Le Suisse, champion de la démographie

« La Suisse est la nouvelle championne de la longévité de ses habitants. Les centenaires étaient 377 en 1990, 787 en 2000 et 1888 désormais, dont 75% sont des femmes. Un garçon né dans notre pays en 2021 a la meilleure espérance de vie possible, avec 81,9 années, juste devant les Islandais, les Norvégiens et les Japonais. Pour une fille née en 2021, le pronostic est également très favorable, puisque la Suisse se classe 4e, derrière le Japon, la Corée du Sud et l’Espagne, avec 85,6 ans. La Suisse figure également en bonne place sur les chiffres de l’espérance de vie en bonne santé. Un trentenaire d’aujourd’hui peut espérer vivre en bonne santé jusqu’à l’âge de 78,8 ans pour les hommes et de 82,8 ans pour les femmes. »

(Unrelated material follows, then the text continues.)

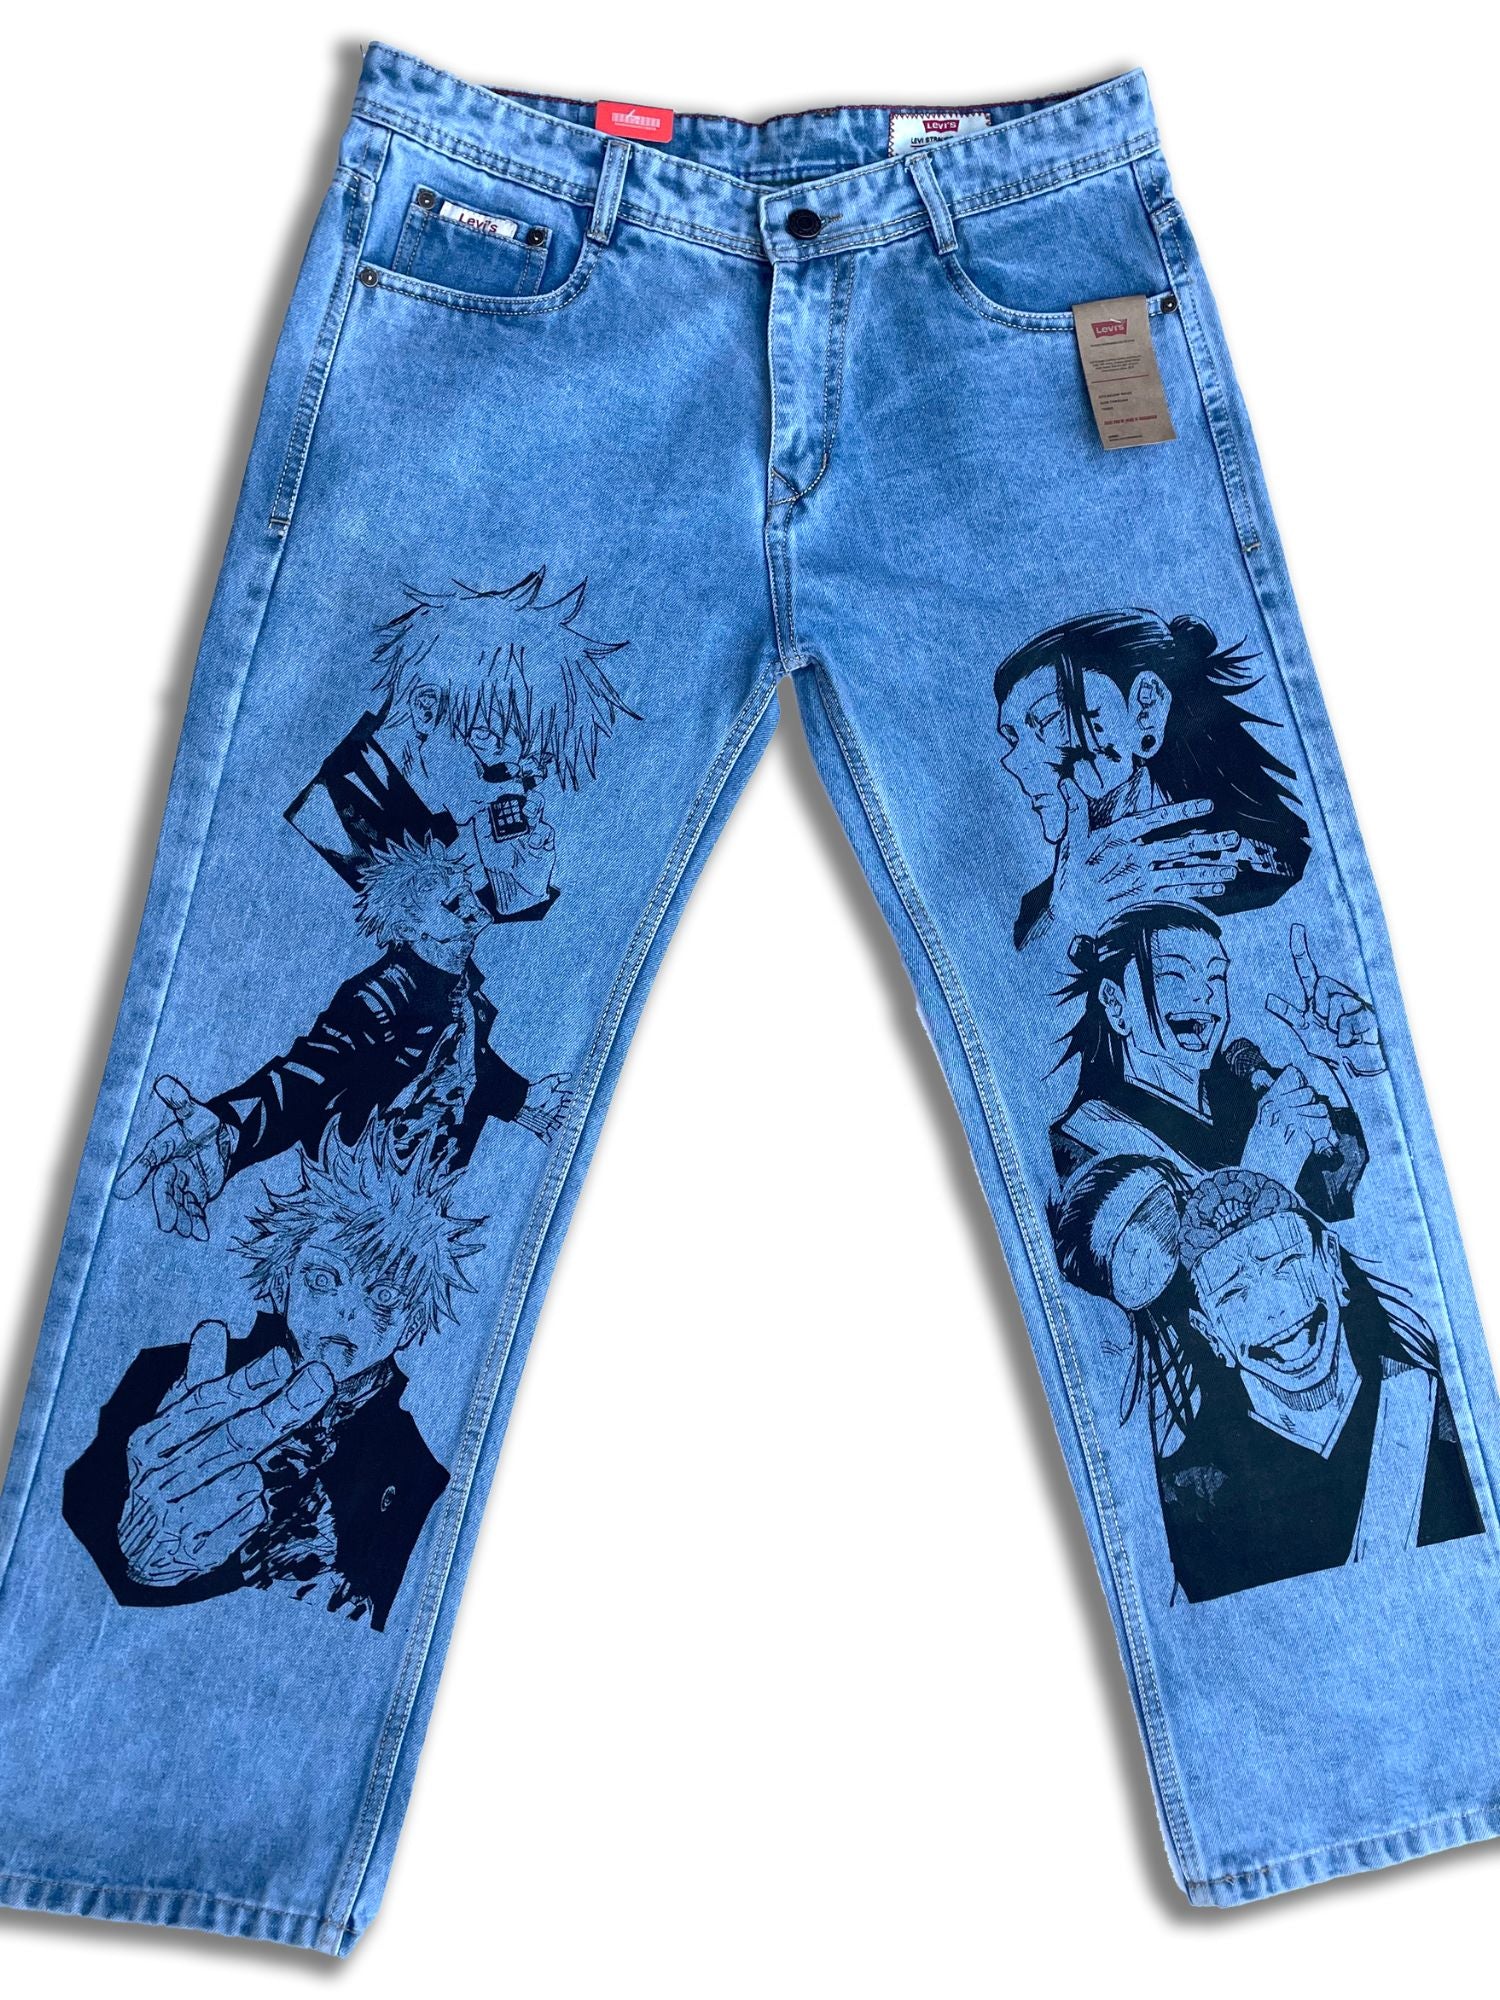 Gojo x Geto: Printed Jujutsu Kaisen Blue Denim Jeans

Comment est-ce possible ? Faut-il s’en féliciter ou non ?

Le plus évident semble d’en attribuer le mérite au système de soins suisse. Mais cette évidence est controversée.  Selon la thèse politiquement correcte à Berne, cette longévité ne serait due que de façon marginale au système de soins. Cette affirmation pesante est un procédé de basse politique pour laisser entendre que nous dépenserions trop d’argent dans le système de soins, que la faute n’en est pas à la Confédération mais aux médecins. Elle dépend d’une supposition gratuite : en médecine ce serait l’offre qui créerait le besoin. C’est se fixer sur l’image du robuste montagnard, qui n’a jamais vu un médecin, qui n’a jamais été vacciné, qui n’a jamais de rhume, qui travaille jusqu’à la veille de sa mort, frappant d’un coup sans frais médicaux. Le système idéal de soins consiste à ne pas avoir à en dispenser. Nous n’en jouissons pas parce que les patients seraient naïfs et les médecins manipulateurs.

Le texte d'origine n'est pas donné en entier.